EZB mahnt Raiffeisen Bank: Wiener Geldinstitut soll Russland-Geschäfte stärker einschränken

Die Europäische Zentralbank (EZB) hat das österreichische Geldinstitut Raiffeisen Bank International (RBI) aufgefordert, seine Geschäfte in Russland stärker einzuschränken. In naher Zukunft erwarte die Bank eine Aufforderung der Aufsichtsbehörde, die Geschäftstätigkeit in Russland rascher zu reduzieren, teilte die RBI mit.

shutterstock/Brookgardener

„Nach unserem Verständnis handelt es sich um eine Maßnahme zur Umsetzung der von der EZB angekündigten Strategie zur Reduzierung des Russland-Exposures europäischer Banken“, zitiert das „Manager Magazin“ eine Mitteilung der Wiener Bank. Die Anforderungen der EZB wolle die RBI sorgfältig analysieren.

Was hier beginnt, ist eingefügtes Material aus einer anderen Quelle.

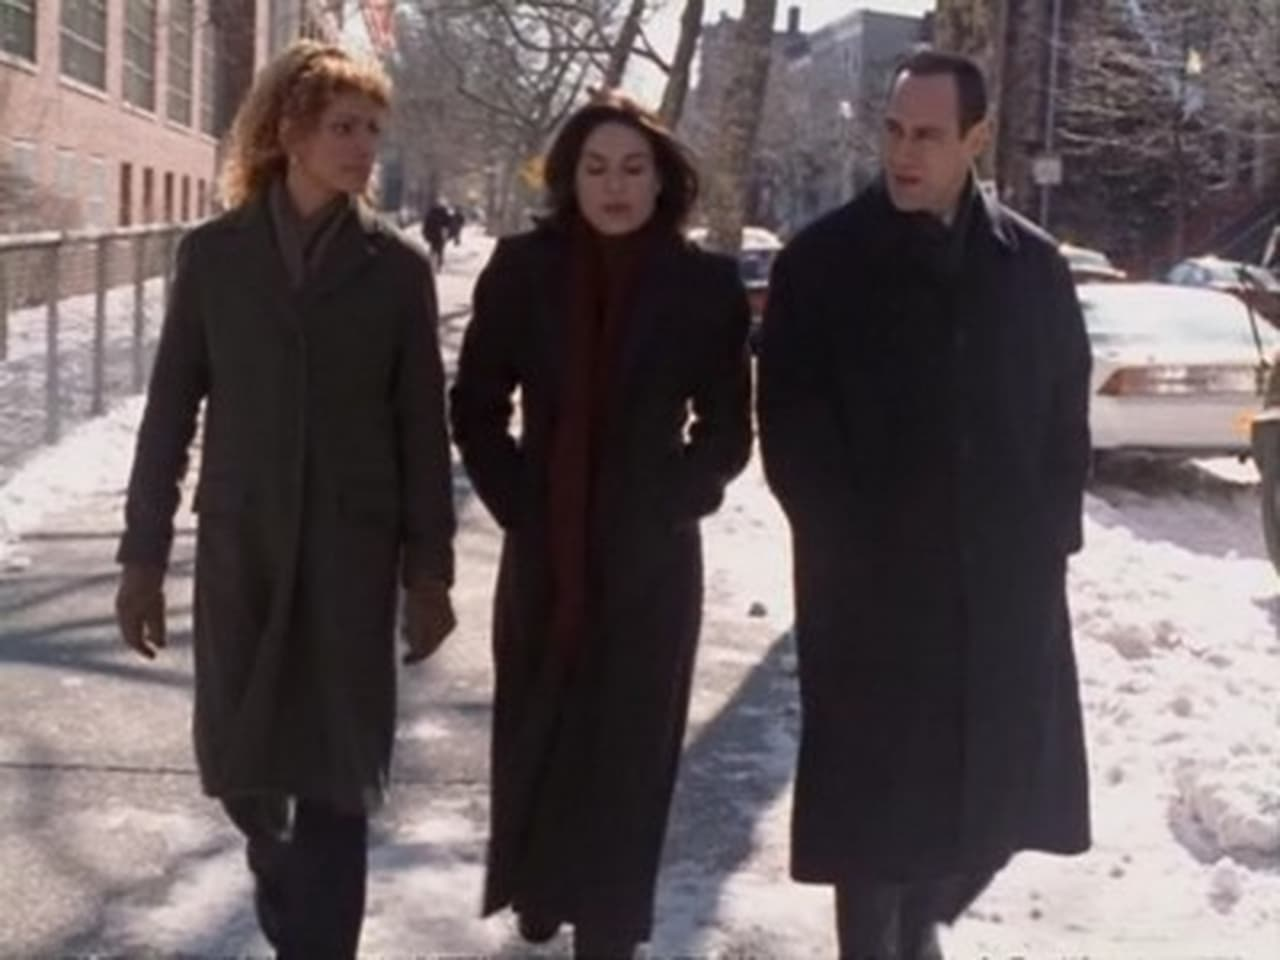 Law & Order: Special Victims Unit - Season 1 Episode 21 : Nocturne

Dem Entwurf zufolge müssten die Kundenkredite bis 2026 deutlich zurückgehen – und zwar bis um 65 Prozent im Vergleich zum Ende des dritten Quartals 2023, schreibt das Magazin. Zudem müsste die RBI die internationalen Zahlungen aus Russland entsprechend senken. Wie das Geldhaus feststellte, würden die Anforderungen der EZB deutlich über die eigenen Pläne hinausgehen und könnten sich negativ auf die Verkaufsoptionen für die russische Tochterbank auswirken.

Die RBI ist neben der italienischen UniCredit die größte westliche Bank in Russland. Seit Beginn des Ukraine-Konflikts prüfe das Institut nach eigenen Angaben Optionen für einen Ausstieg aus dem Land, so das Blatt.  

„Die RBI hat seit Kriegsbeginn umfangreiche Schritte gesetzt, um das Risiko aus ihrem Russlandgeschäft zu reduzieren und den Schaden für ihre Aktionäre zu minimieren“, erklärte die Bank. Auch für dieses Jahr seien weitere Reduzierungsmaßnahmen geplant, die im Einklang mit dem Ziel stehen, die russische Tochterbank zu verkaufen.

Die RBI-Papiere verloren am Freitag an der Wiener Börse 1,3 Prozent auf 17,03 Euro.